A still-young couple with Loek (probably early 1949)
     Making her way back to The Netherlands and then finding Appie again were long, torturous adventures. But reunited and through good times and bad, they were fortunate.
       They were able to have two more children together -- Loek (Luke, in English) born a couple of months before me in 1947, and Kitty, born a few months after my sister Elsa in 1951.
    Jannie and Rose were similarly fortunate; Jannie and Appie emigrated to Israel in 1949 ("I never wanted to, but all my life I always did what Appie wanted," Jannie said); we moved to the United States at the end of 1955.
    The van de Kars made it together through 51 years of marriage -- "the last years were the best," Jannie wrote, although Appie's heart was failing.

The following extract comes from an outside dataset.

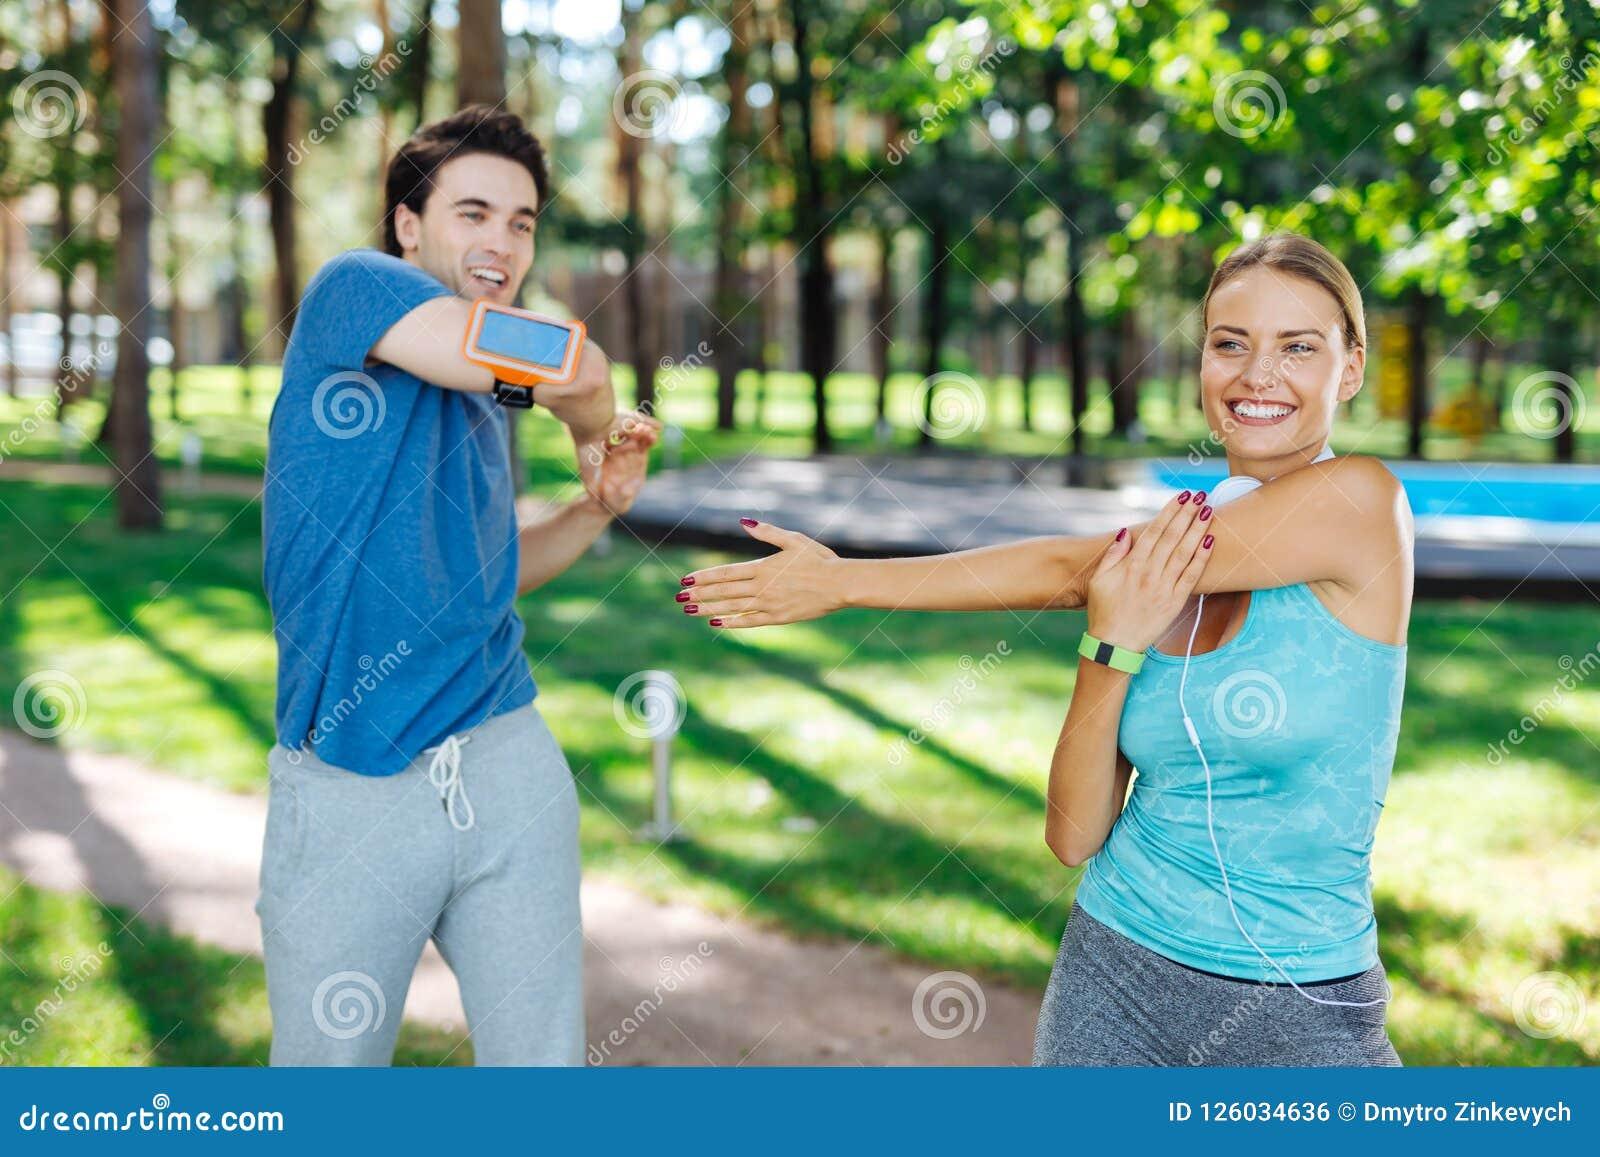 Zadowoleni radośni ludzie cieszy się robić sport aktywność
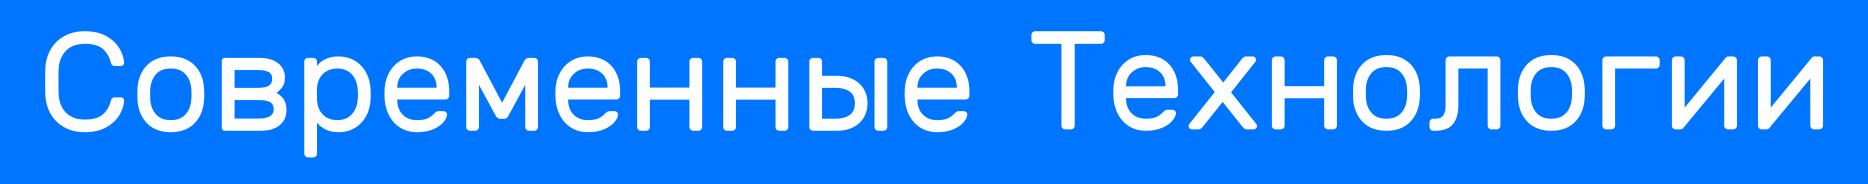 СТ лого 2019

Despite his ills, his death while hospitalized at about 3 a.. m. on October 6, 1993, was unexpected and sudden.
    "Now I am alone, I miss him very much" is what she wrote near the end of her memoirs.
     And Loek, who came to the U.S. to study, died of cancer in 2004 at age 57. He lived in the Chicago area and was a respected research scientist in the medical field and a professor.
---
An Israeli family in Dutch garb -- Loek, Jannie,
Appie and little Kitty
     Telling portions of Jannie's story, said her daughter Kitty, "is exactly what she would have wanted. It was very important for her that people will know every detail, including the loss of the baby.
    "She used to cry on the date it was done and Loek told me once why she is crying; as a child I never saw her cry so I asked him what happened. He was 4 1/2 years older and always asked her many questions, especially about Auschwitz.
     "I used to hate these conversations they had since I never wanted to hear about it. It was painful for a child that such horrible things happened to the mother, but he was persistent and (until he was a teenager and busy with his own life) never stopped asking as long as we had lunch together."
---
     The photo below is of Jannie on her 91st birthday -- "the last nice one she had," said Kitty. "The next year, when she turned 92, "she felt it was the end and indeed 2 1/2 weeks later she passed away (cancer)."
      Some 70 years earlier, she had been cursed and blessed at the same time.













 

 


 

13 comments:

  1. Thank you Nico for doing this for my mom - she would have appreciated it so much!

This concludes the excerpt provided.